Hughes is a lifetime newsman with more than a lifetime’s worth of experiences. His adventurous career took him across the globe, where he reported on such events as a bloody coup attempt in Indonesia, a cultural revolution in Hong Kong, the Cold War and the Vietnam War.
“Journalism is a wonderful, magical profession,” Hughes said. “I couldn’t believe that people paid me to interview presidents and prime ministers, mass murderers and bad guys. … Everyday was fresh and interesting, and you learned something new every day.”
Hughes was editor of the Deseret News from 1997 to 2008, a Nieman Fellow at Harvard, U.S. assistant secretary of state and assistant secretary-general of the United Nations. He previously worked as editor of the “Christian Science Monitor,” for which he writes a nationally syndicated column.

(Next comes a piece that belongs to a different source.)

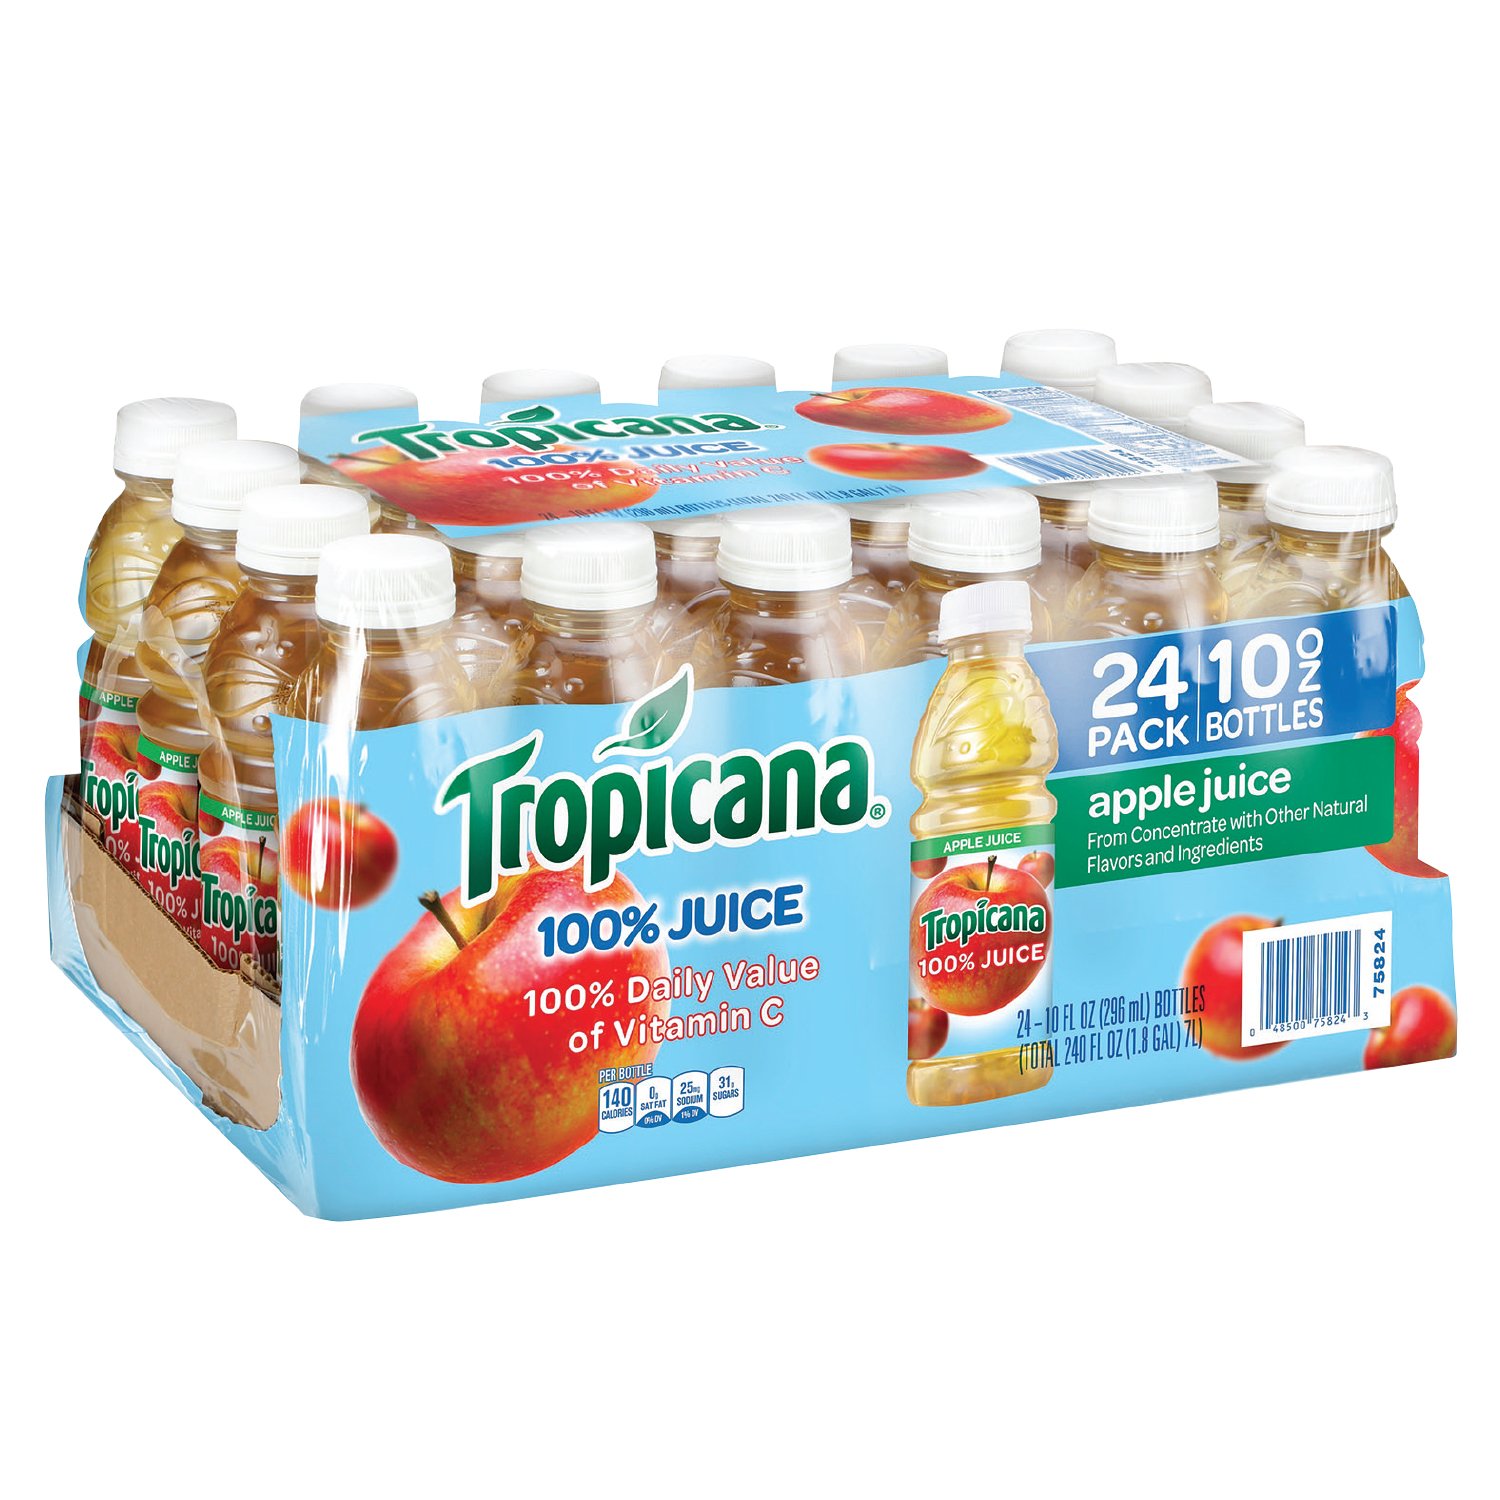 Amazon Lowest Price: Tropicana Apple Juice, 10 oz., 24 Count.

His fourth book is his autobiography, “Paper Boy to Pulitzer: A Newsman’s Journey,” for which his upcoming lecture is named. Hughes is currently a professor in the BYU Department of Communications.
Lee Benson, a reporter who worked under Hughes when he was editor of the Deseret News, calls Hughes a “journalistic legend.”
“Anybody should take the opportunity (to learn from Hughes) because you’re learning from a Hall of Famer. If journalism had a gold medal, he’d have a gold medal,” Benson said.
The lecture will take place in Room 238 of the Herald R. Clark Building. The recorded lecture will be archived on the Kennedy Center website.